Sunday, June 3, 2007

Going Mental

Last week was the first week of mental health rotation. The mental health inpatient unit has fourteen beds and they've been full most of the time. Mental health service has come a long way since the days of Bedlam. The big institutions are all gone; no one gets committed anymore. What's left now are acute services and patients are discharged to the community. And then there are the rules. All the rules and regulations that ensure the proper treatment of patients while they are at their most vulnerable directly translates into mounds of paperwork. I know paperwork is an unavoidable part of medicine, but mental health definitely takes the cake in this aspect. The doctors are constantly writing in patients' charts and filling out forms.

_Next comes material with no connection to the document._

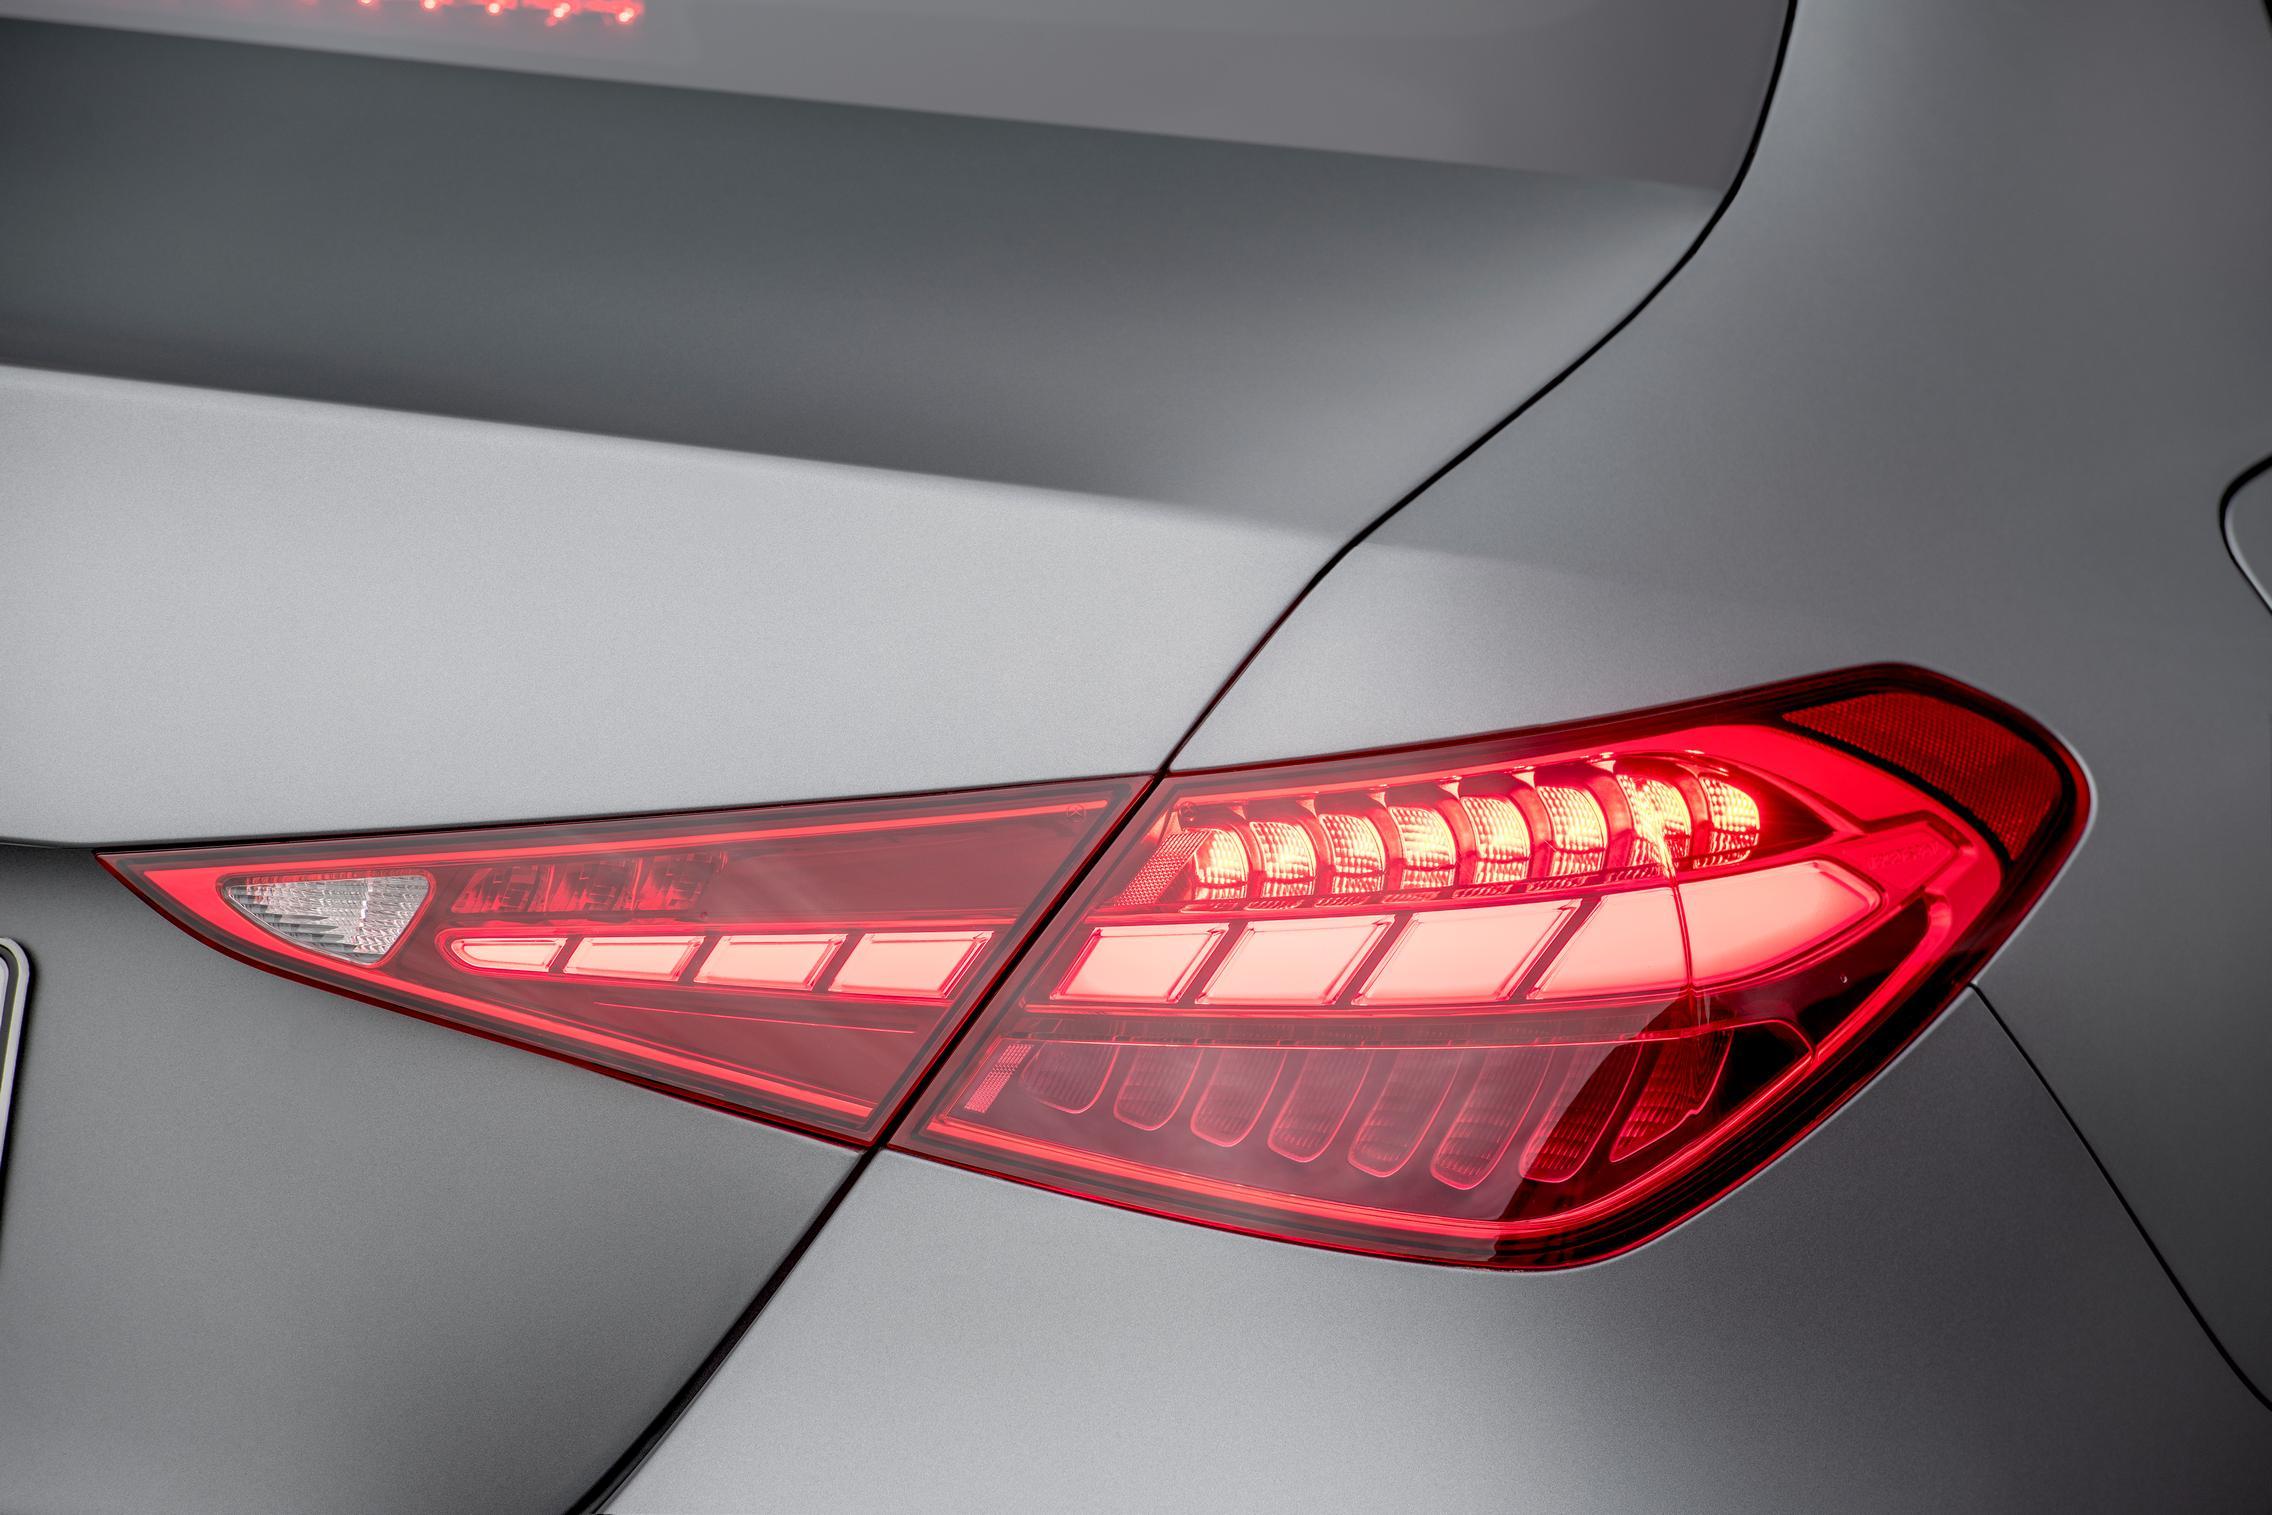 New-W206-C-Class-rear-light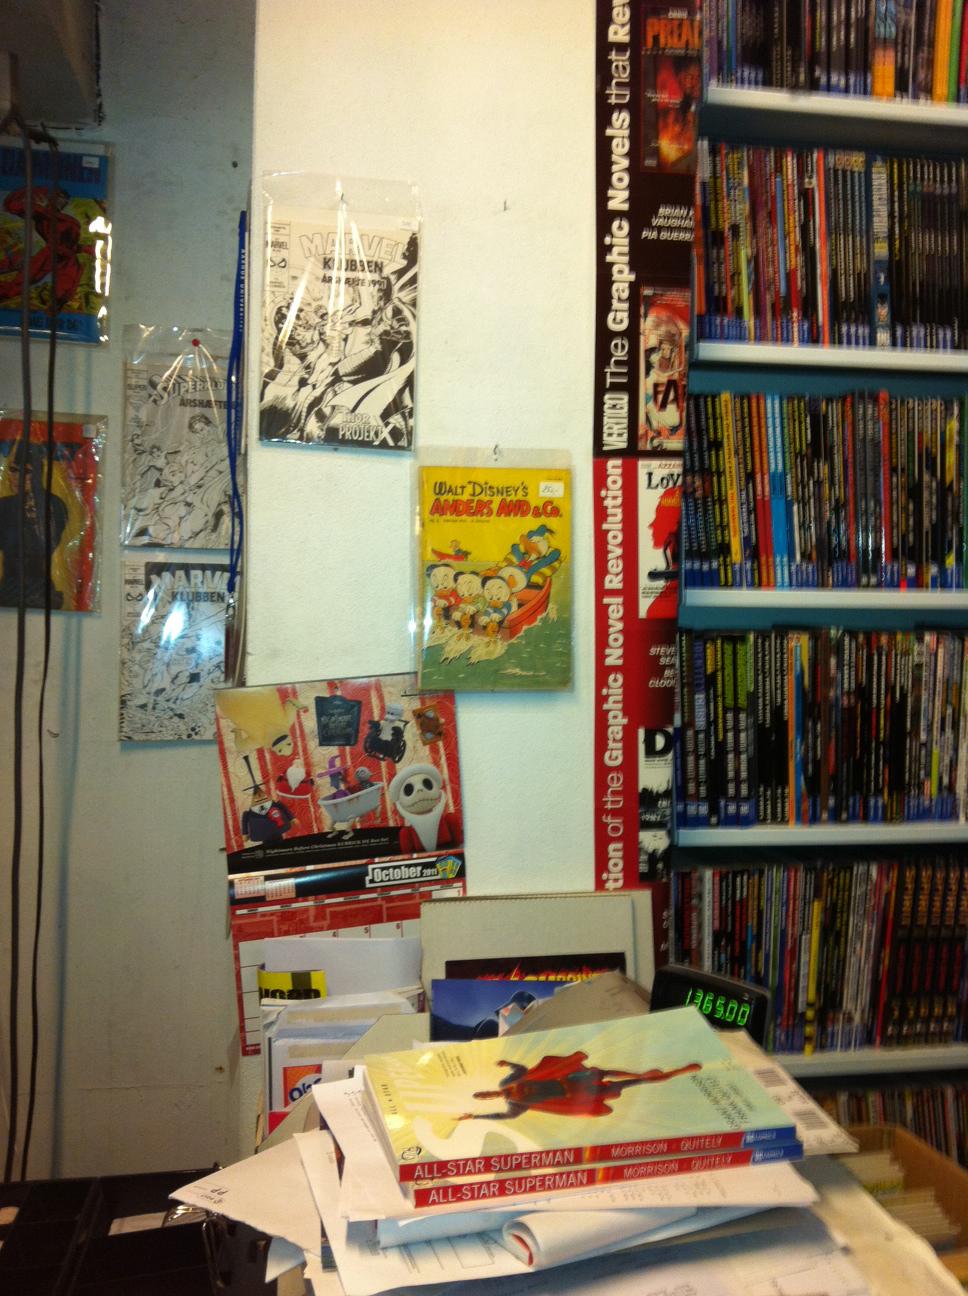 Danish comic book store in Aarhus Jutland

I sat in on patient interviews all week. Listening to their stories and hallucinations, hearing them describe the way they perceived the world around them, I felt like a voyeur peering through a keyhole into their psyche. This catatonic patient who worried about every minute details of daily living, that floridly psychotic one having a complete breakdown, this one with delusions of grandeur who absolutely believed in his story, that schizophrenic one who was constantly arguing with the voices in her head - it was like watching a drama, a comedy, a tragedy, and a film noir all rolled into one. From day one, the med school has been teaching us to empathize with patients, to understand where they are coming from. But it looks like psychiatry wound have to take exception to that rule. The hardest part of psychiatry is probably learning to not empathize so much that we start to identify with the patient - in order to maintain insight into the patient's problems, but more importantly, for our own sanity.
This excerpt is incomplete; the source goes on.